In LRMs, the term “reasoning” seems to be equated with generating plausible-sounding natural-language steps to solving a problem, and the extent to which this provides general and interpretable problem-solving abilities is still an open question. The performance of these models on math, science, and coding benchmarks is undeniably impressive. However, the overall robustness of their performance remains largely untested, especially for reasoning tasks that, unlike those the models were tested on, don’t have clear answers or cleanly defined solution steps, which is the case for many, if not most, real-world problems, not to mention “ fixing the climate, establishing a space colony, and the discovery of all of physics,” which are achievements
OpenAI’s Sam Altman expects from AI in the future. And although LRMs’ chains of thought are touted for their “human interpretability,” it remains to be determined how faithfully these generated natural-language “thoughts” represent what is actually going on inside the neural network in the process of solving a problem.
Multiple studies (carried out before the advent of LRMs) have shown that when LLMs generate explanations for their reasoning, the explanations are not always faithful to what the model is actually doing.
Moreover, the anthropomorphic language used in these models may mislead users into trusting them too much. The problem-solving steps that LRMs generate are often referred to as “thoughts”; the models themselves tell us that they are “thinking”; some models even intersperse reasoning steps with words like “Hmmm,” “Aha!” or “Wait!” to make them sound more humanlike. According to an OpenAI spokesperson, “Users have told us that understanding how the model reasons through a response not only supports more informed decision-making but also helps build trust in its answers.” But the question is, are users building trust based mainly on these humanlike touches, when the underlying model is less than trustworthy?
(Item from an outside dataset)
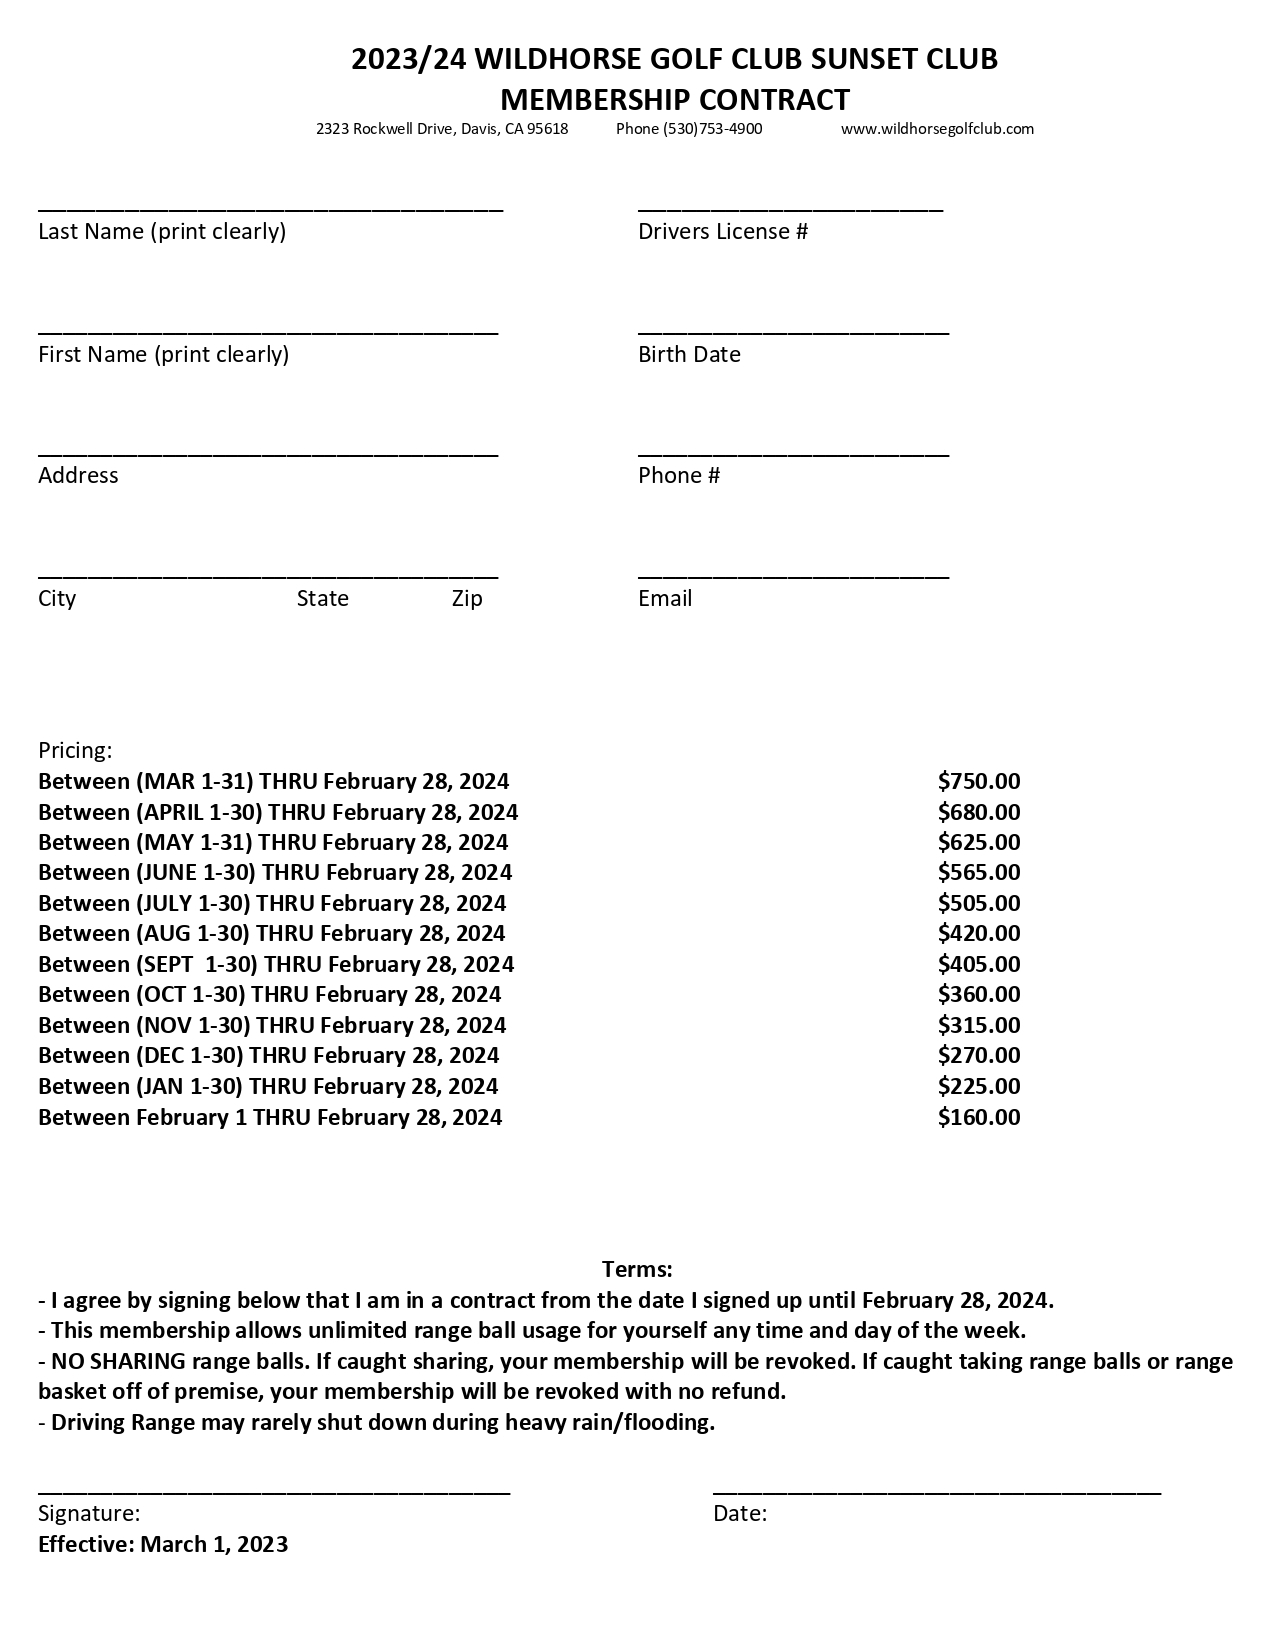 Wildhorse Golf Club | Golf Memberships - (2023-24) Sunset Club Membership Contract (Page #1)

More research is needed to answer these important questions of robustness, trustworthiness, and interpretability in LRMs. Such research is difficult to do on models such as those of OpenAI, Google, and Anthropic, because these companies do not release their models or many details of their workings. Refreshingly, DeepSeek has released the model weights of R1, published a detailed report on how it is trained, and enabled the system to fully show its chains of thought, which will facilitate research on its capabilities. Hopefully this will inspire other AI companies to be equally open about their creations.